I've never played those, my PSX collection was mostly filled with JRPGs - Chrono Cross, FF7/8/9, Xenogears, Tales of Destiny, Star Ocean, etc, etc

Since we're talking about Star Wars games in general (how we digress, but what the hell, this is a fun tangent) my votes are on Republic Commando and Jedi Knight 2. In terms of gameplay, I'll rank RC above KOTOR even, and JK2 as a close 3rd. Both of them have forgettable plots though.


----------



## Remedy (Jun 12, 2015)

I never played Republic Commando, gameplay looks good though (I watched a short video). I remember playing loads of Jedi Knight II with my friend on PC - Great variety of weapons and play styles. Since my friend was the one who owned it, I never played the single player campaign.

Have you played *The Force Unleashed*? I really enjoyed the physics in that one.


----------



## HareBrain (Jun 12, 2015)

*Final Fantasy 7* had it all, in my opinion.

I'd probably go for *Xenogears* as my second, even though I didn't finish it and found large parts of it tedious. I did, however, track down a typescript of the later sections, and in some respects the scope of its vision is probably the most breathtaking I've come across in any game, and possibly any novel.


----------



## Culhwch (Jun 12, 2015)

A recent game that really sucked me in with the story was _Sleeping Dogs_. Very underrated game.


----------



## Alias Black (Jun 12, 2015)

Remedy said:


> Have you played *The Force Unleashed*? I really enjoyed the physics in that one.

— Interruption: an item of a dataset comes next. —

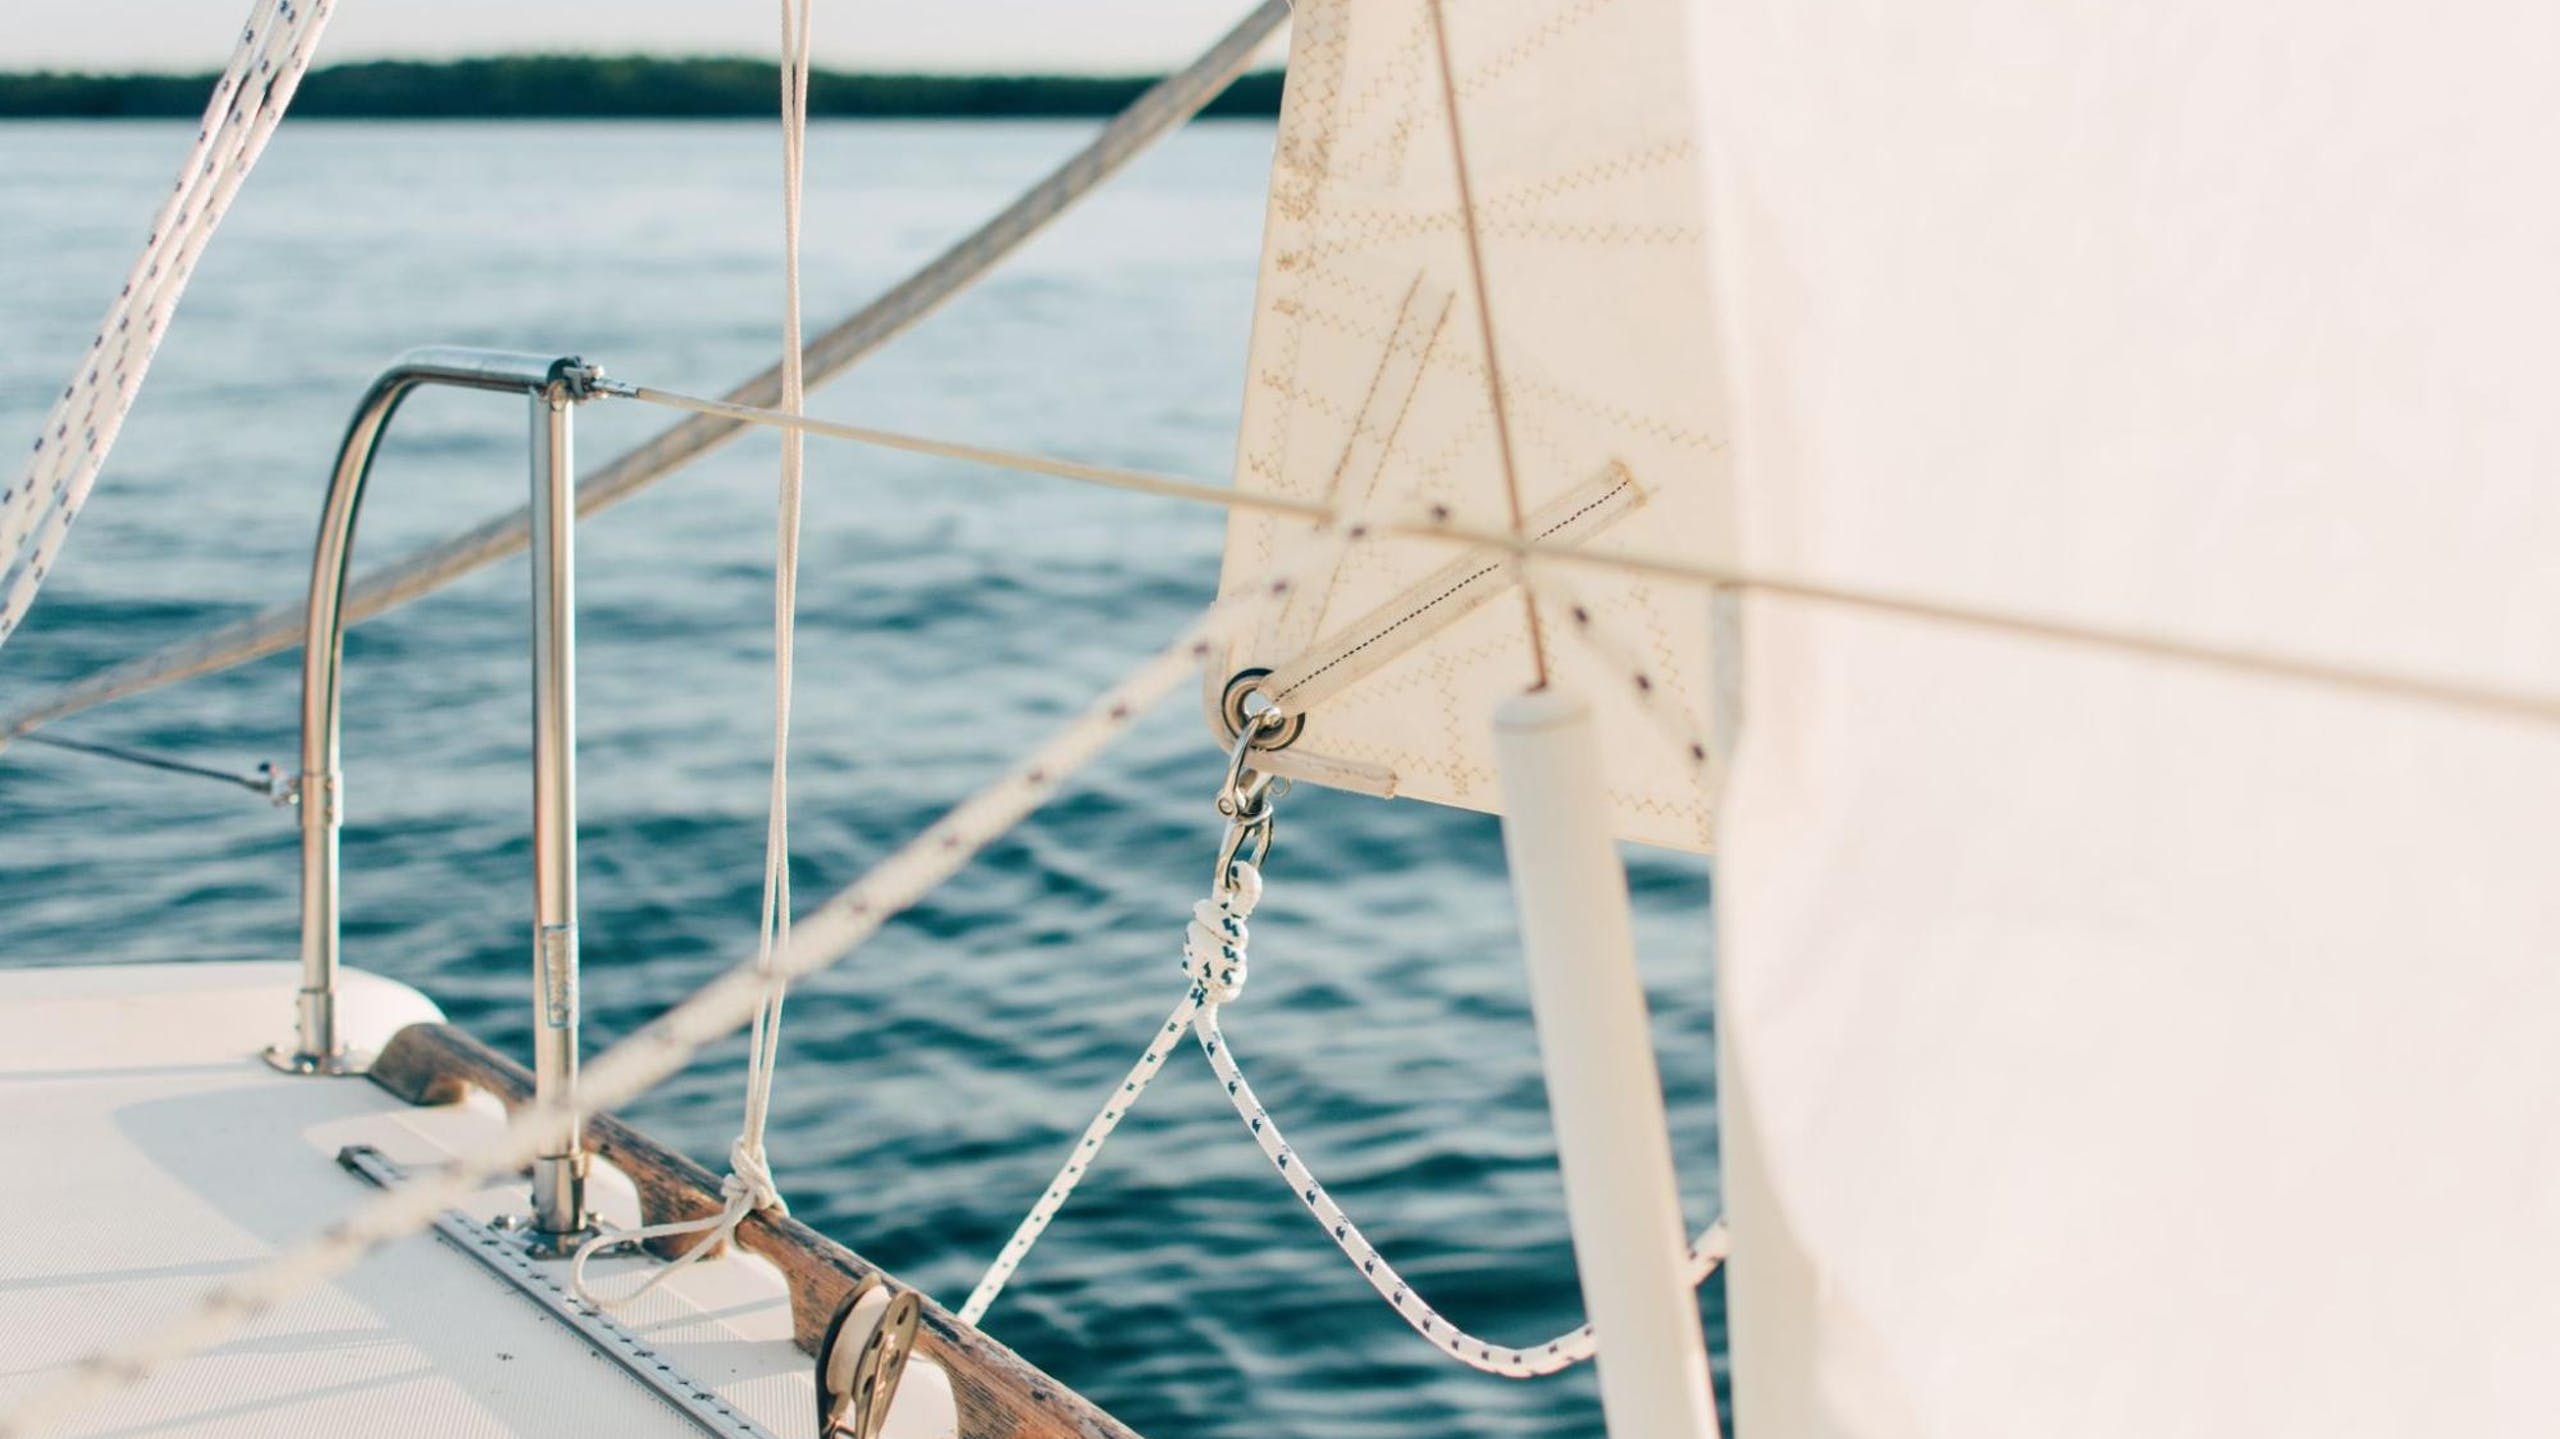 bateau voilier

Oh yes! I had some friends who worked on that so I was "forced" to play it haha! I actually loved it a lot!


----------



## Remedy (Jun 12, 2015)

Culhwch said:


> A recent game that really sucked me in with the story was _Sleeping Dogs_. Very underrated game.



I loved _Sleeping Dogs_. It was given as a free download to Xbox Live users - so I got it with low expectations and no prior knowledge. I was stunned by how complete and well made it turned out to be. I've purchased some of the car radio music used in the game. It's a perfect length too, unlike the GTA games that seem endless. Enjoyed it so much that I restarted the game straight away and had an equally enjoyable second run!  Great story.


----------



## Alias Black (Jun 12, 2015)

HareBrain said:


> In some respects the scope of its vision is probably the most breathtaking I've come across in any game, and possibly any novel.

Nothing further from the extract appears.